Each line from the one holding "Energielabel Doddendaal 33 Amsterdam" to the last line of the listing must be set down exactly. No pictures are to be included.

__Dataset extract__:
————

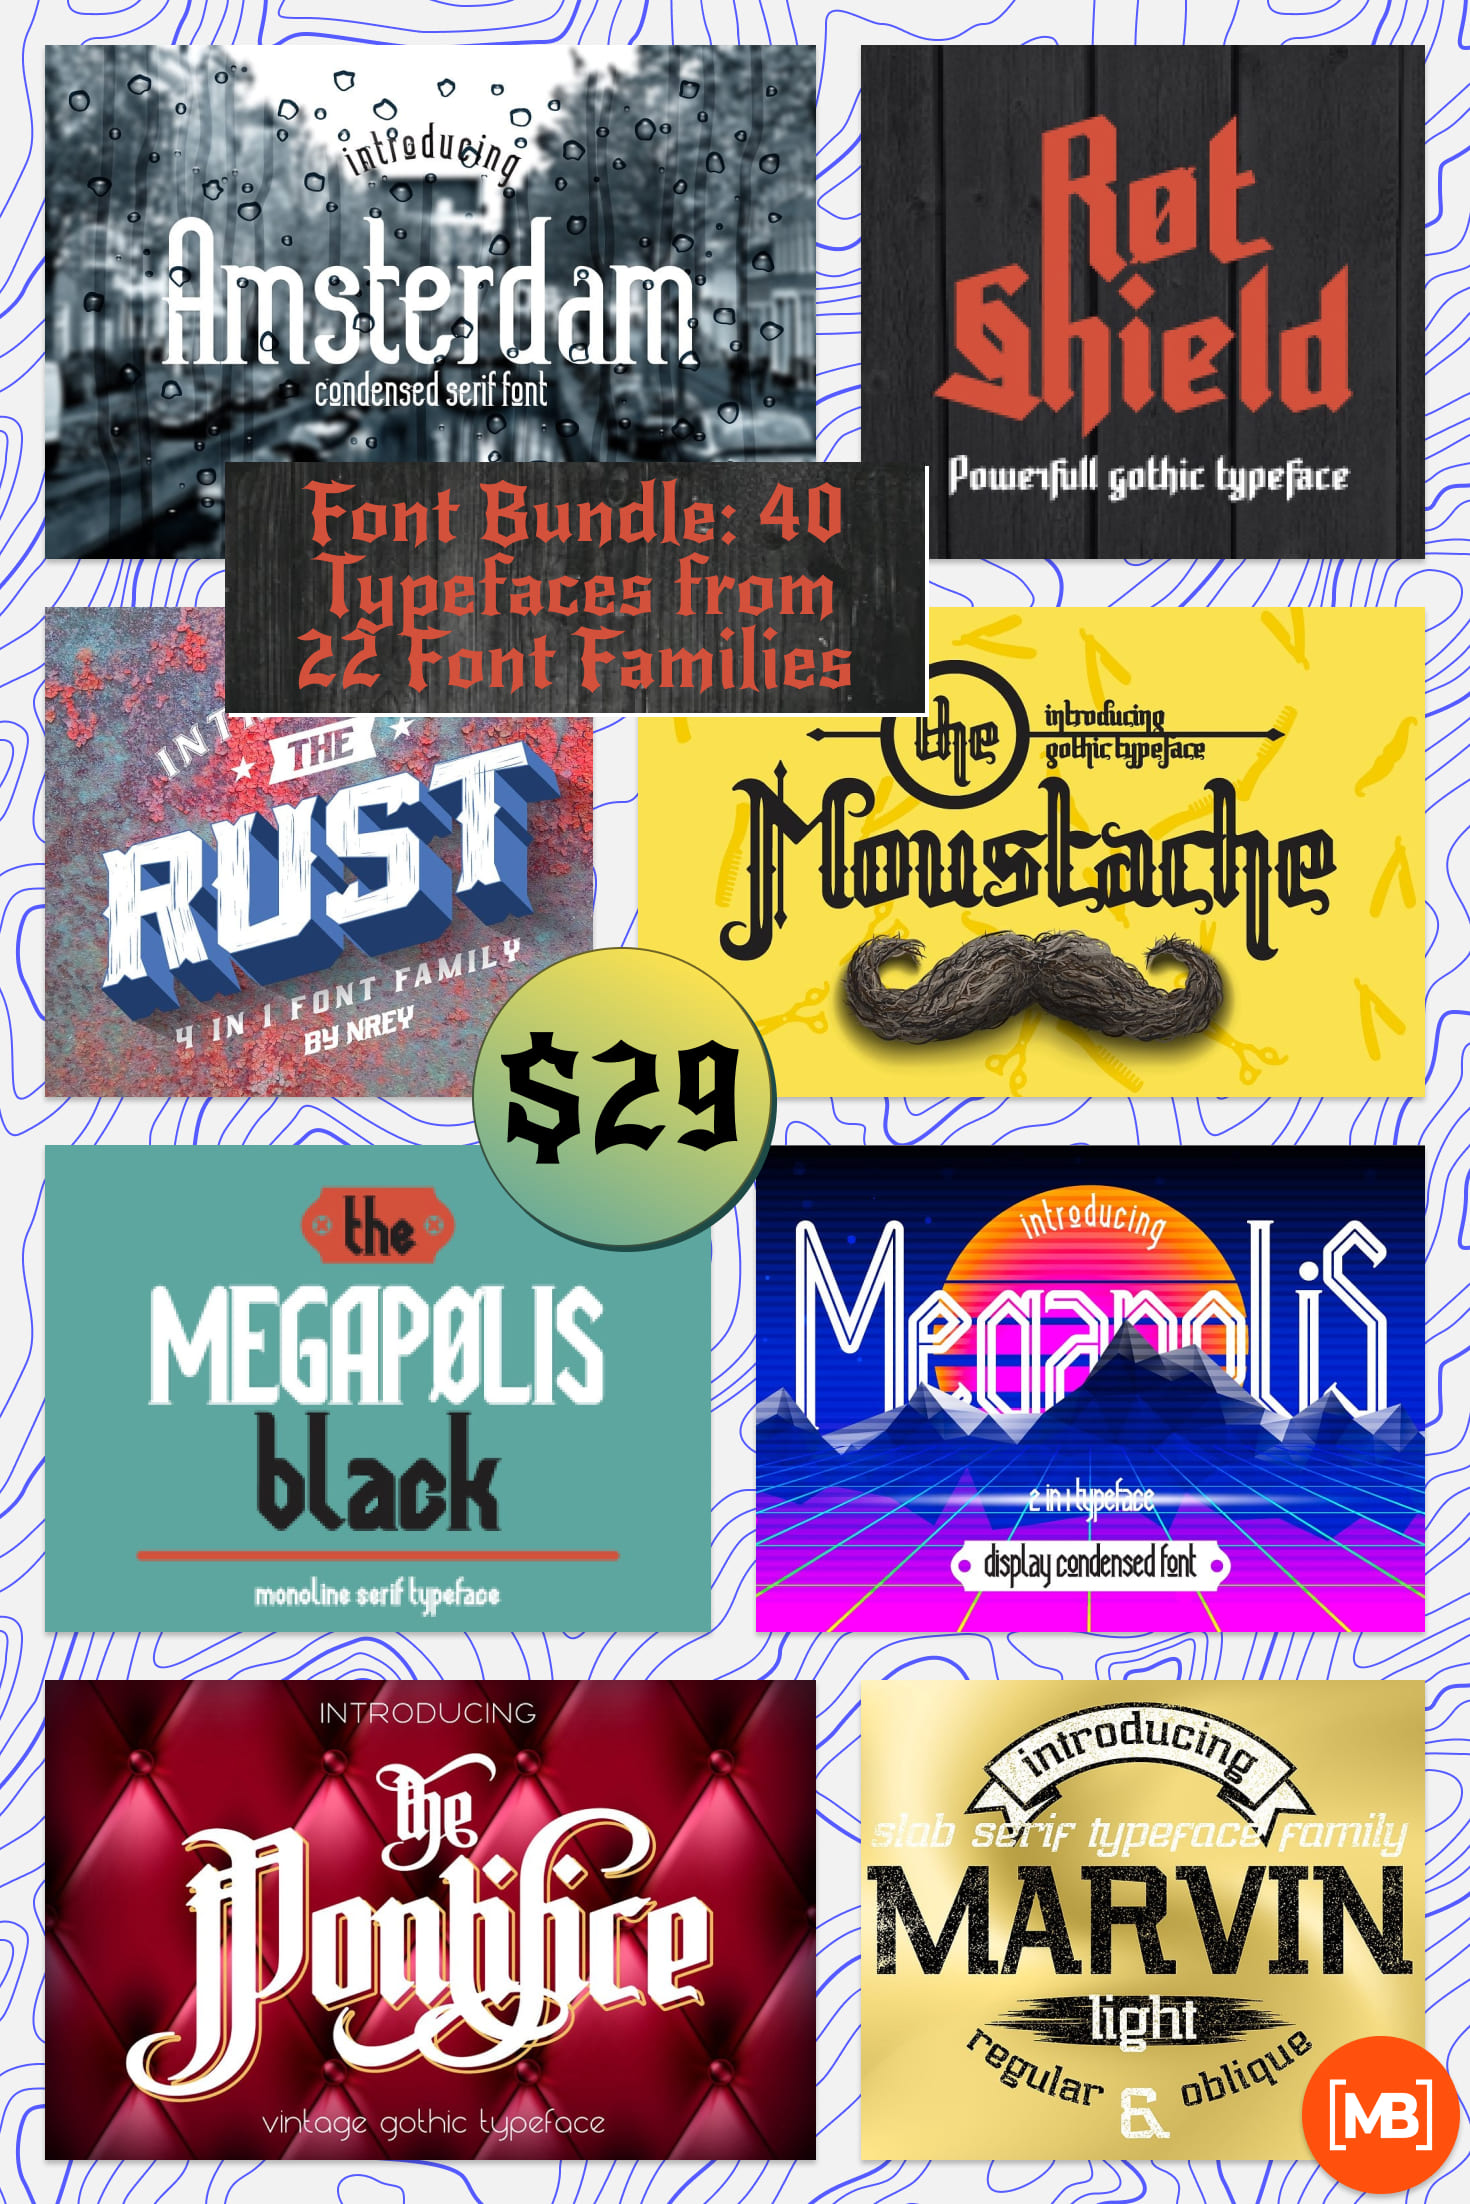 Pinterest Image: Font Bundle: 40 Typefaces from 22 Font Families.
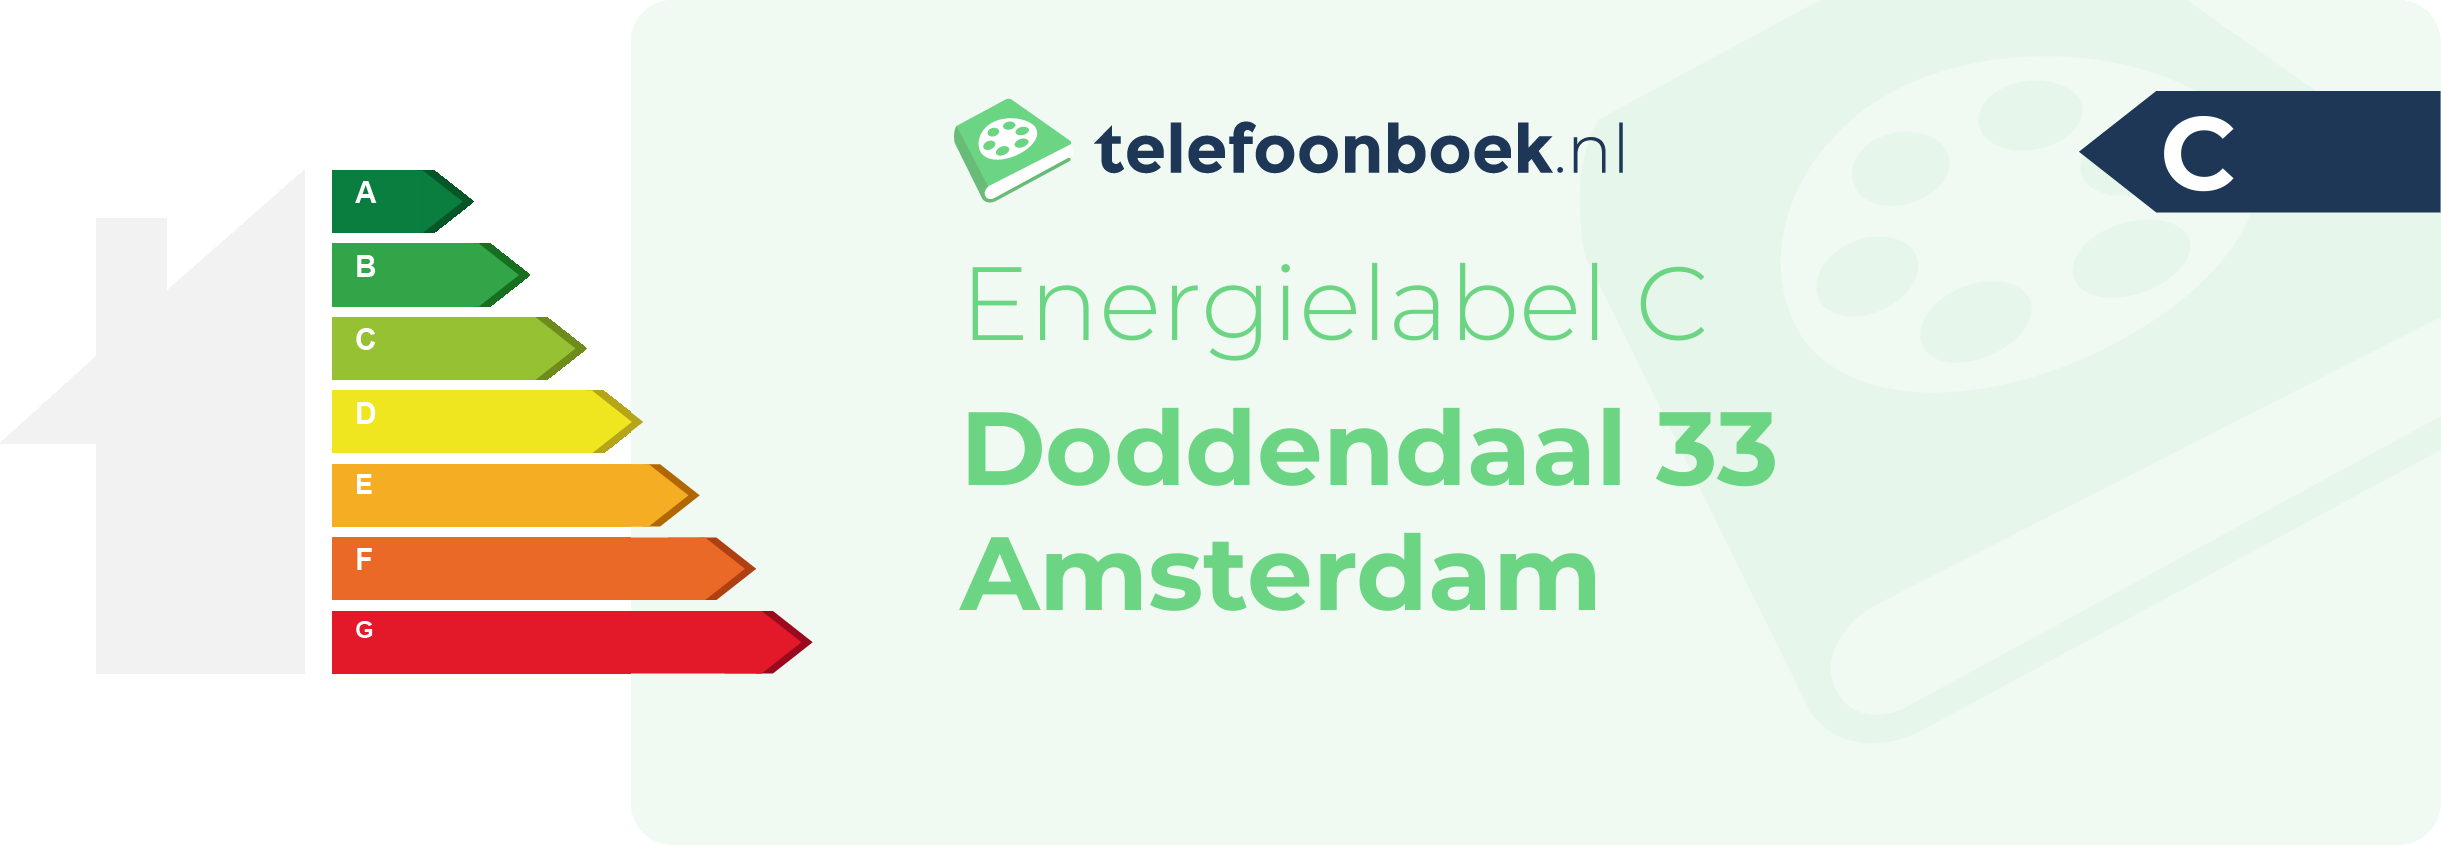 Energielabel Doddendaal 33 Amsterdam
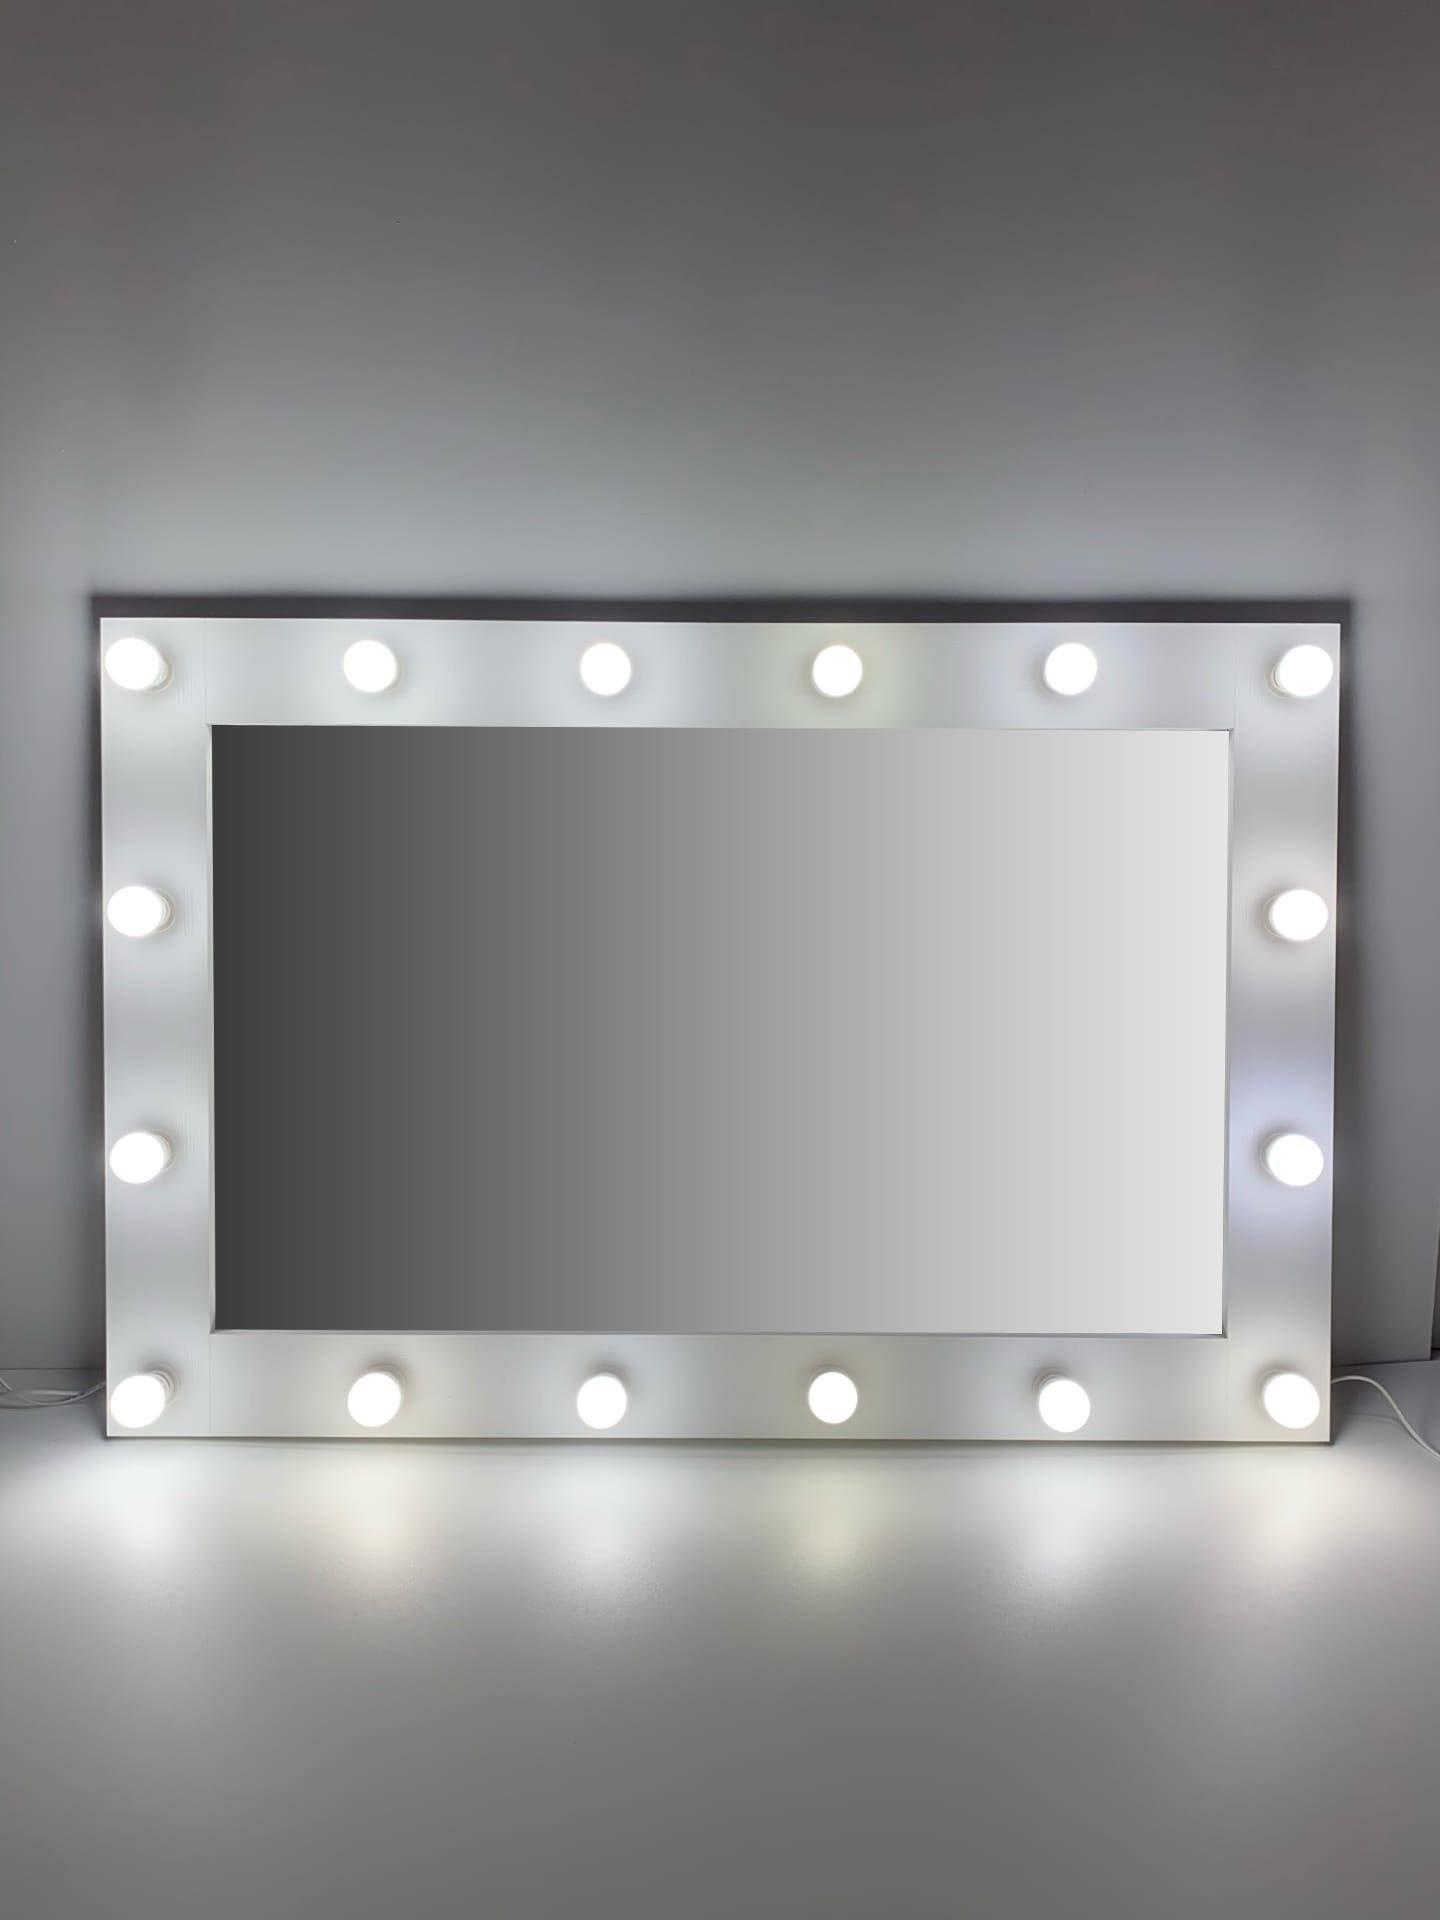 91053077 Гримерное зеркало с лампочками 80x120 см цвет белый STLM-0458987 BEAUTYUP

————

__Completed task__:
 Energielabel Doddendaal 33 Amsterdam
 91053077 Гримерное зеркало с лампочками 80x120 см цвет белый STLM-0458987 BEAUTYUP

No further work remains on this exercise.